Bis dahin ist es noch eine Menge Arbeit – und wenig Zeit. Ganze zwei Proben stehen noch an bis zur Premiere. Dafür wirkt die heutige Session noch ziemlich unfertig. »Das macht mich schon ein bisschen nervös«, sagt Toma auf dem Weg zum Mittagessen. Mouse on Mars sind auf vier Kontinenten aufgetreten und bringen 18 Jahre Musikerfahrung mit. Und doch ist Paeanumnion auch für sie kein Projekt wie jedes andere.
Das hat auch mit Geld zu tun. »Andi und ich sind einfach nicht gewohnt, in Segmenten zu arbeiten«, sagt Werner in einer winzigen Suppenbude zwei Querstraßen vom Mediapark entfernt. Er meint die fest kalkulierten Probenzeiten mit dem Orchester, für die er und Toma nach Köln reisen. »Wenn wir alleine arbeiten, vergessen wir oft die Zeit. Das geht hier nicht.« Andererseits wissen Mouse on Mars natürlich, dass der Kompositionsauftrag zu Paeanumnion und die dazu gehörigen Geldspritzen von KölnMusik und der Kunststiftung NRW einen ganz anderen Konzertrahmen ermöglichen. Allein die Sisyphosarbeit der Notentranskription wäre ohne die Philharmonie im Rücken wohl kaum zu bezahlen gewesen.

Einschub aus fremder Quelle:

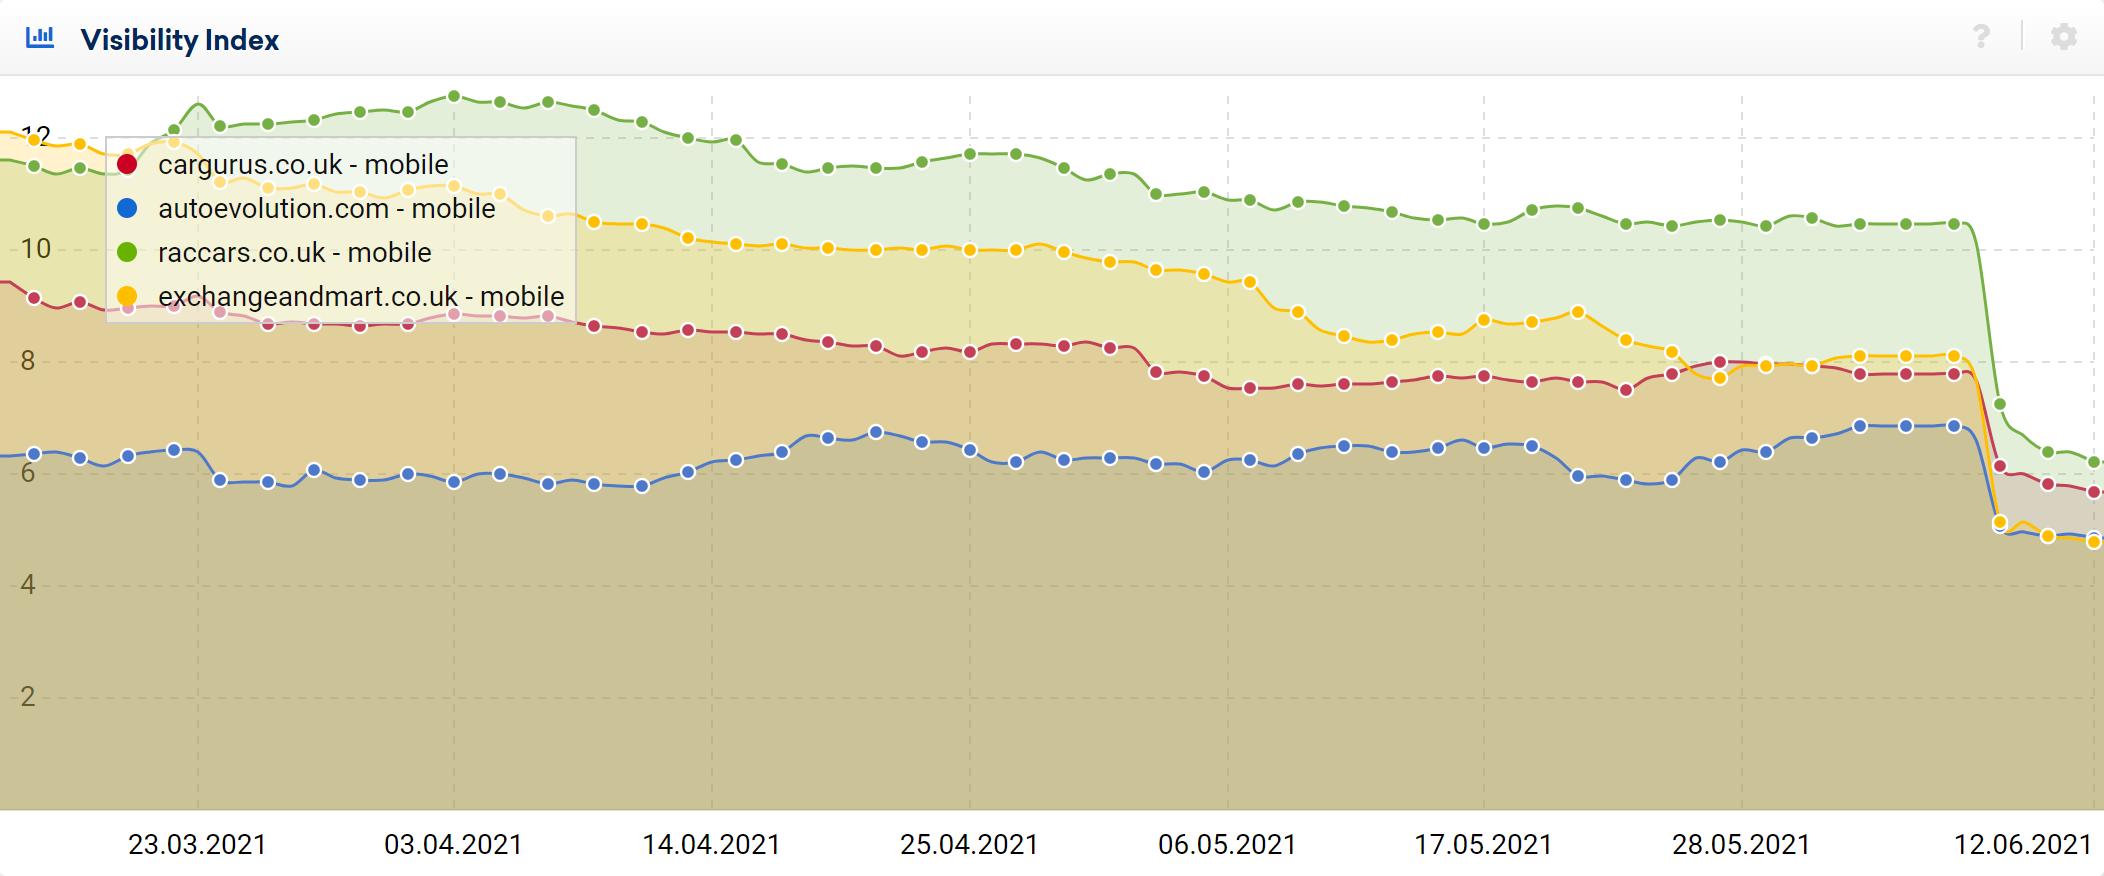 Visibility Index graphs for car sales sites

Mit einem Orchester zu arbeiten, sei schon immer ein großer Wunsch gewesen, sagen Mouse on Mars. Dass das Ganze auch kritisch aufgenommen werden könnte, ist ihnen klar: »Im Club sind die Leute für sich selbst und für den Künstler da. Der Konzertsaal aber gehört der großen Musik, und du musst deinem Publikum erklären, warum du da auch noch mitmischen willst.« Während Werner vom Unterschied zwischen Club- und Orchestermusik erzählt, schaut sein Bandkollege auf die Uhr. »Jan, wir müssen zurück.« Die 25 Minuten Mittagspause sind schon eine Weile vorbei. Mouse on Mars haben die Zeit vergessen.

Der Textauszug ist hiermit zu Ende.